# Description of the task
Could you repeat the entries below exactly, but only from the line with "Yarn Party Giveaway Inlinkz" through the line with "細長い前面ポケットは眼鏡やペン入れにおすすめ。", and without any picture?

# Extracted entries
───
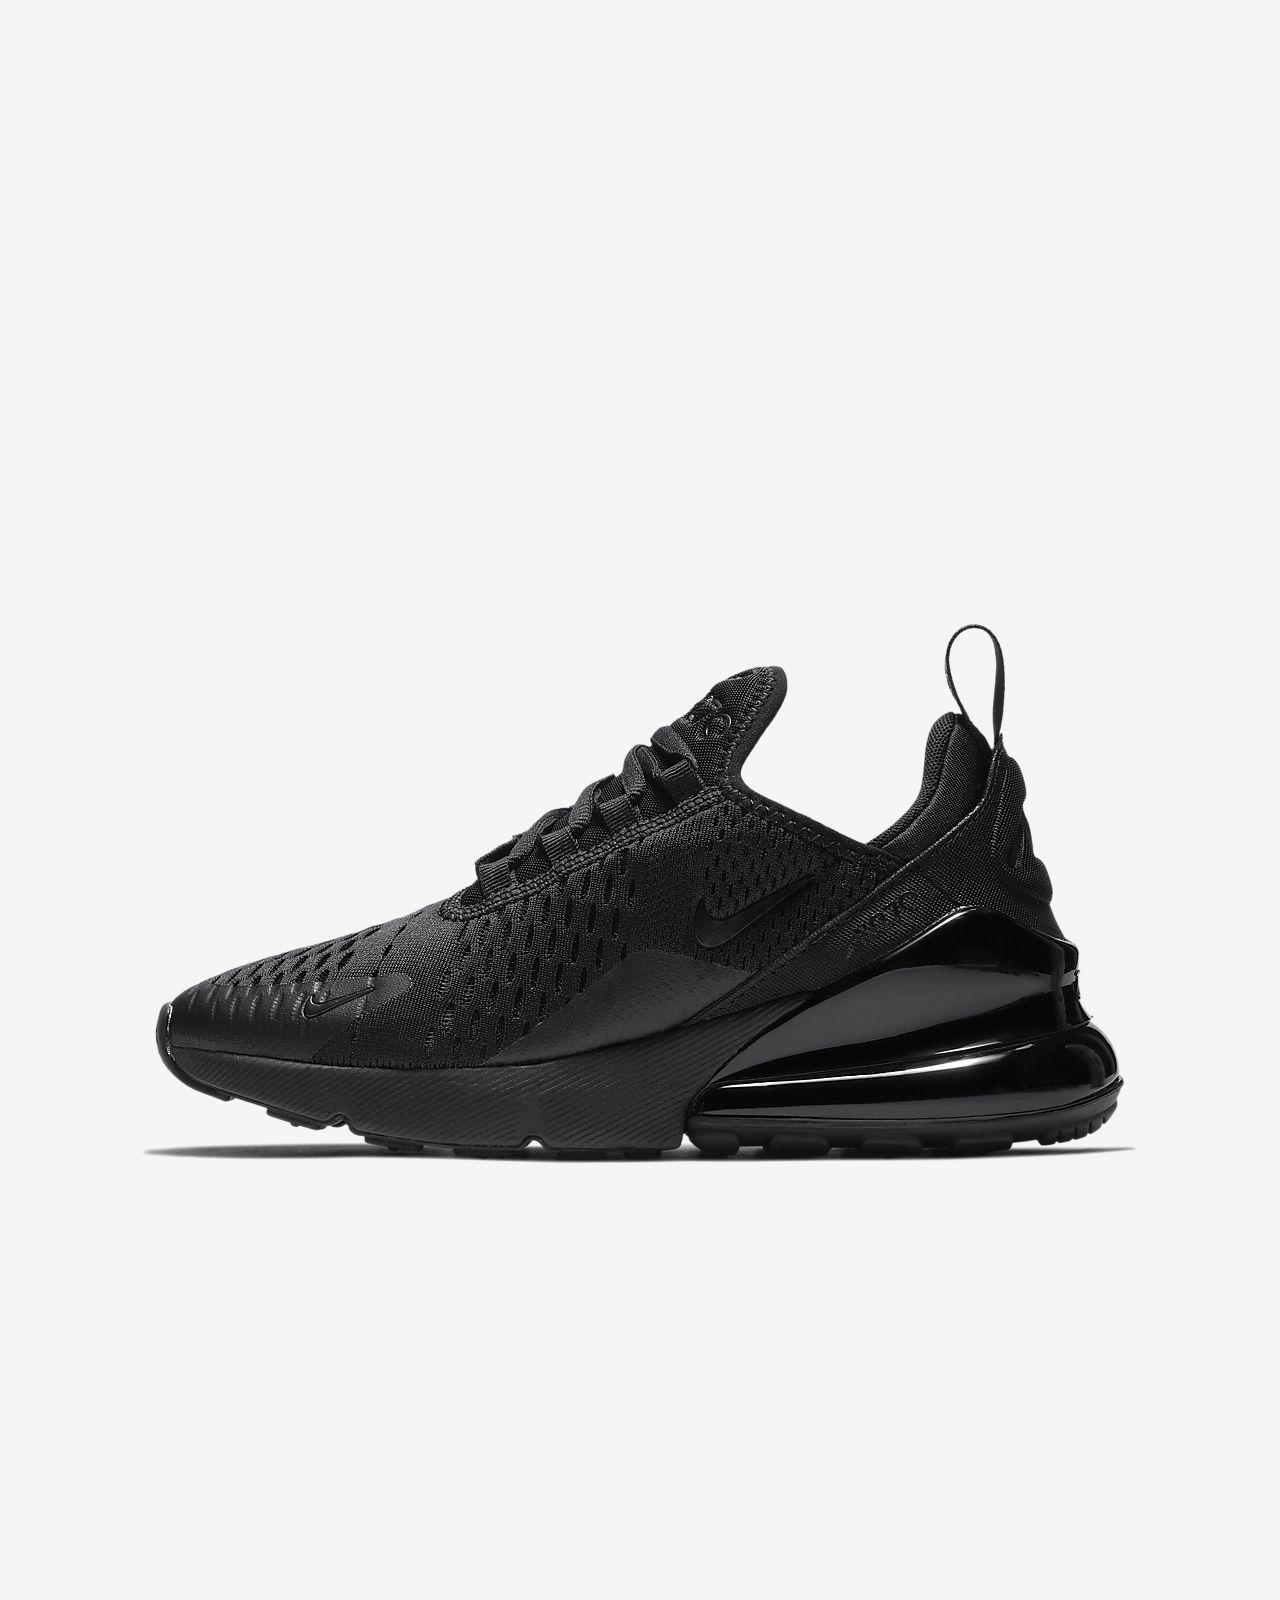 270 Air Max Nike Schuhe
───
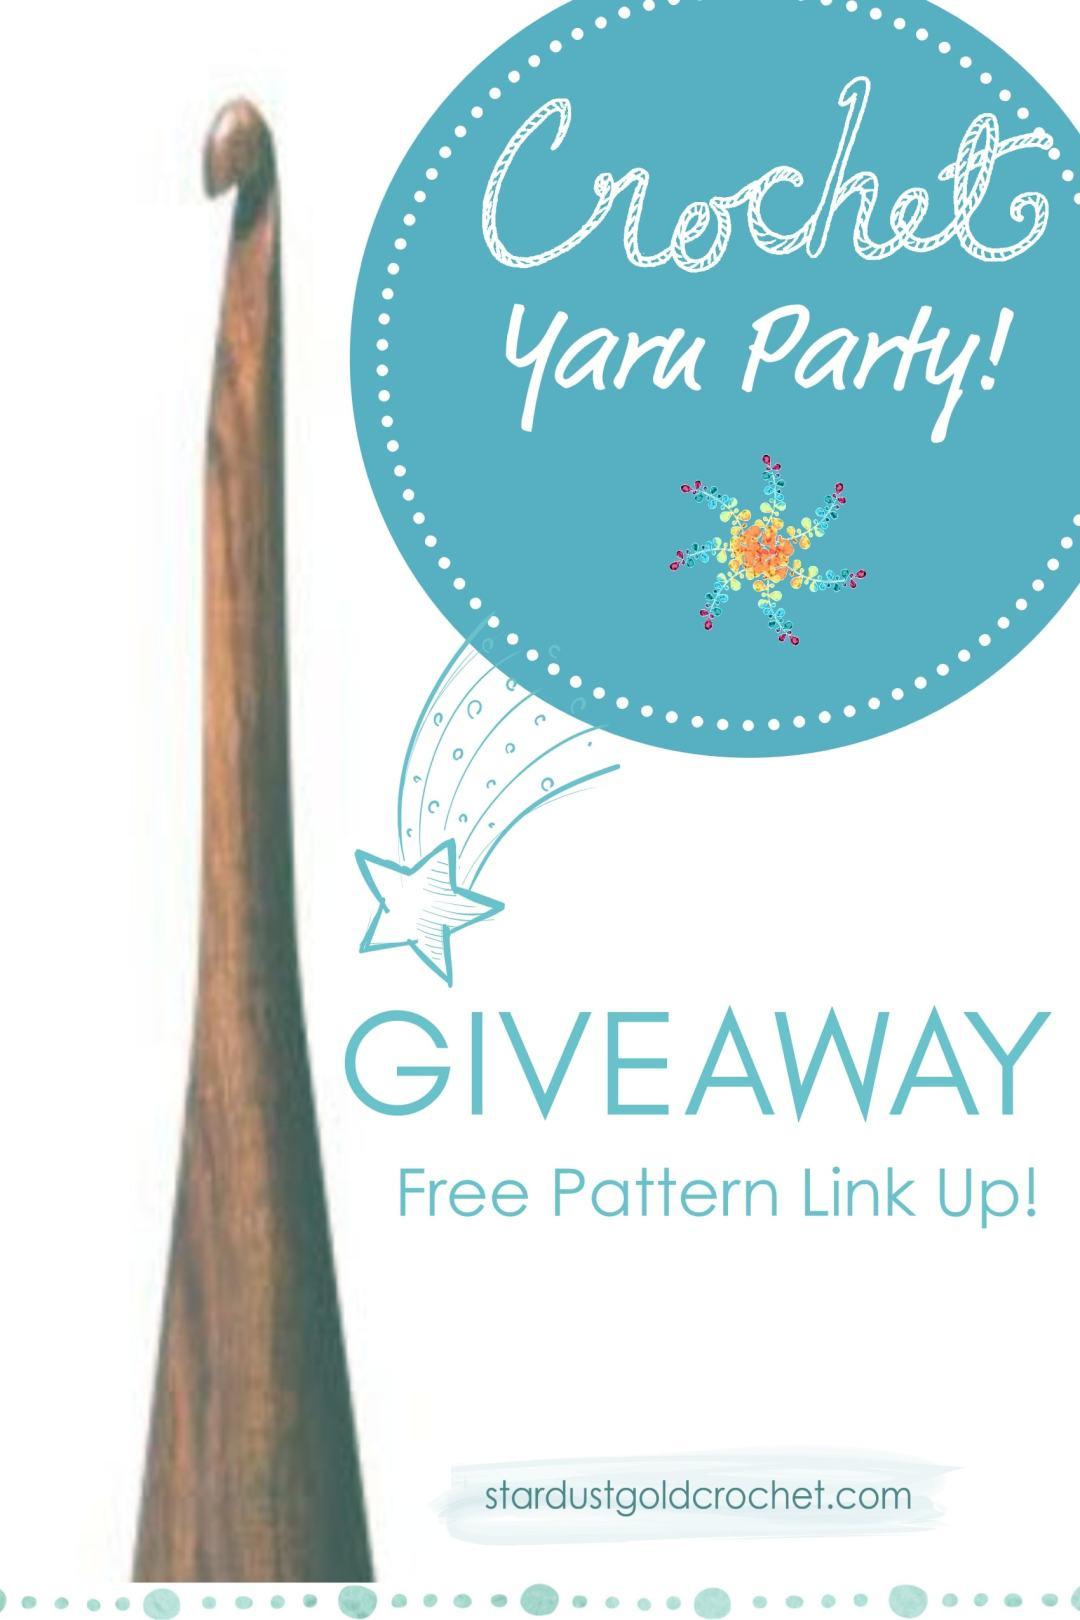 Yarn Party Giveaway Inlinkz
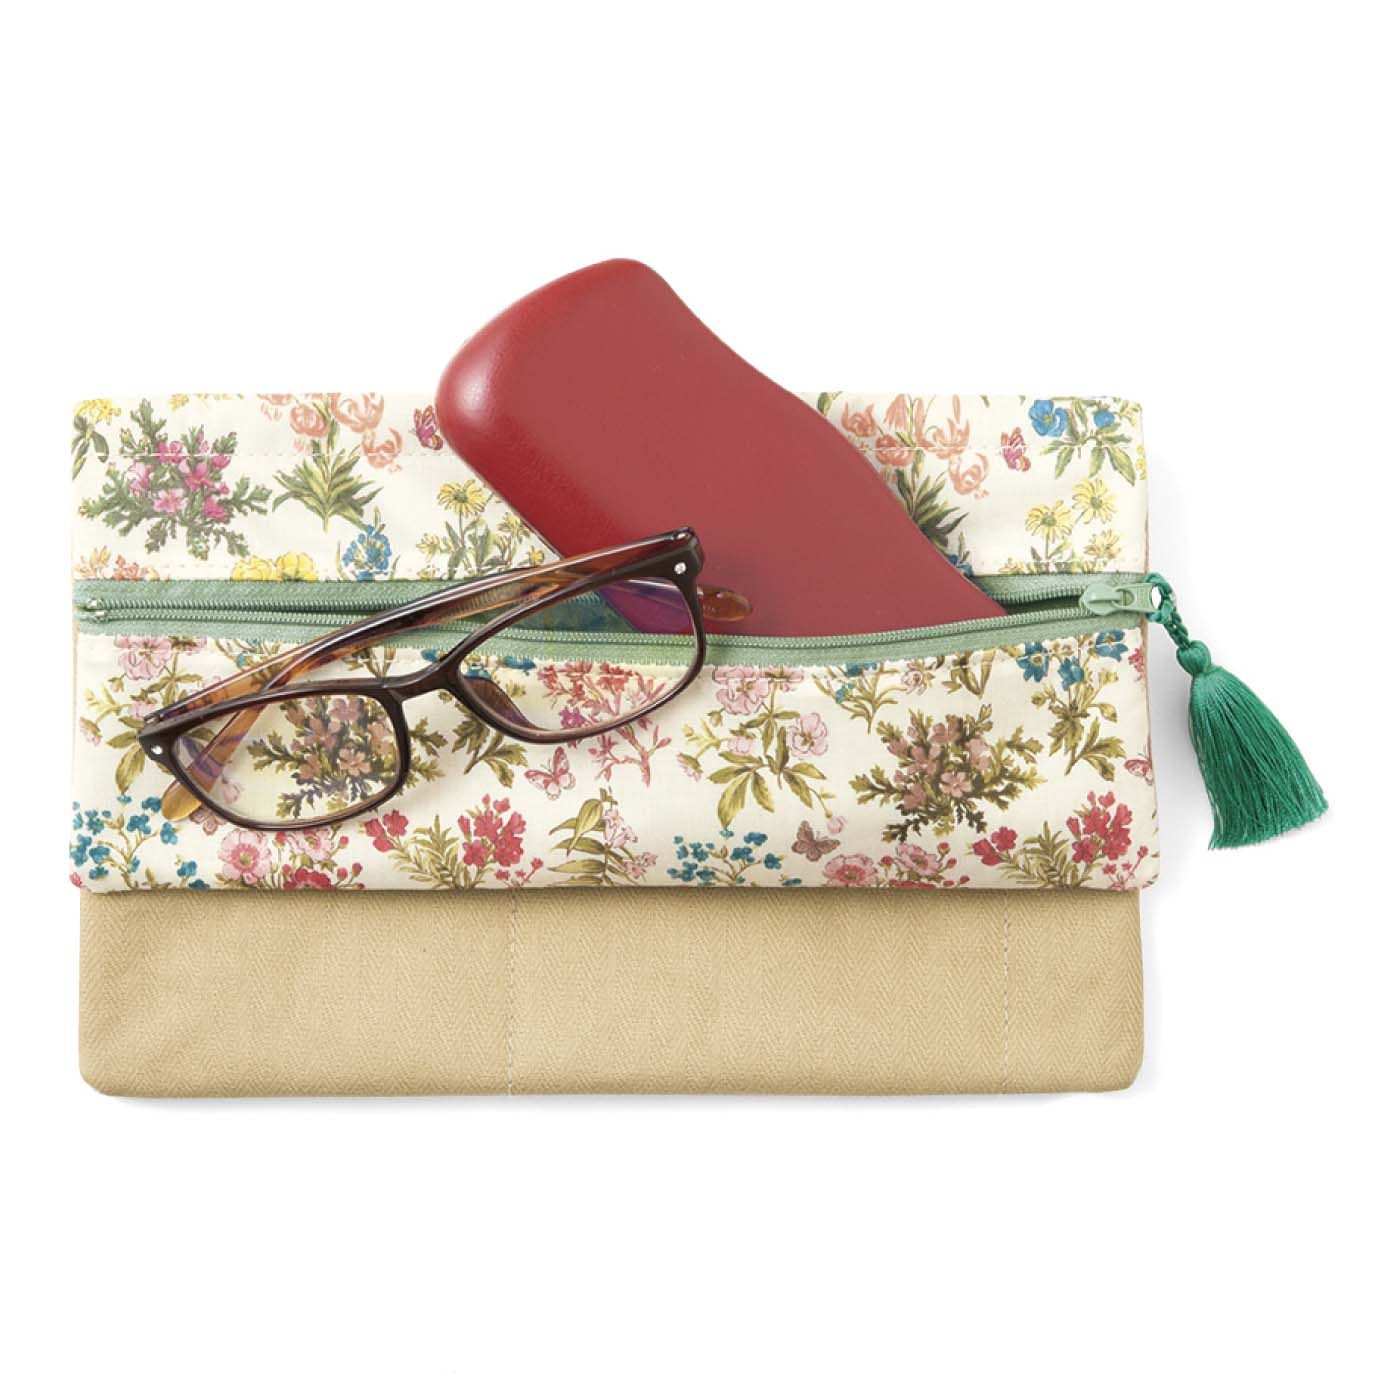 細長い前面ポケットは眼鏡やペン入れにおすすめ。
───
# Solution to this exercise
 Yarn Party Giveaway Inlinkz
 細長い前面ポケットは眼鏡やペン入れにおすすめ。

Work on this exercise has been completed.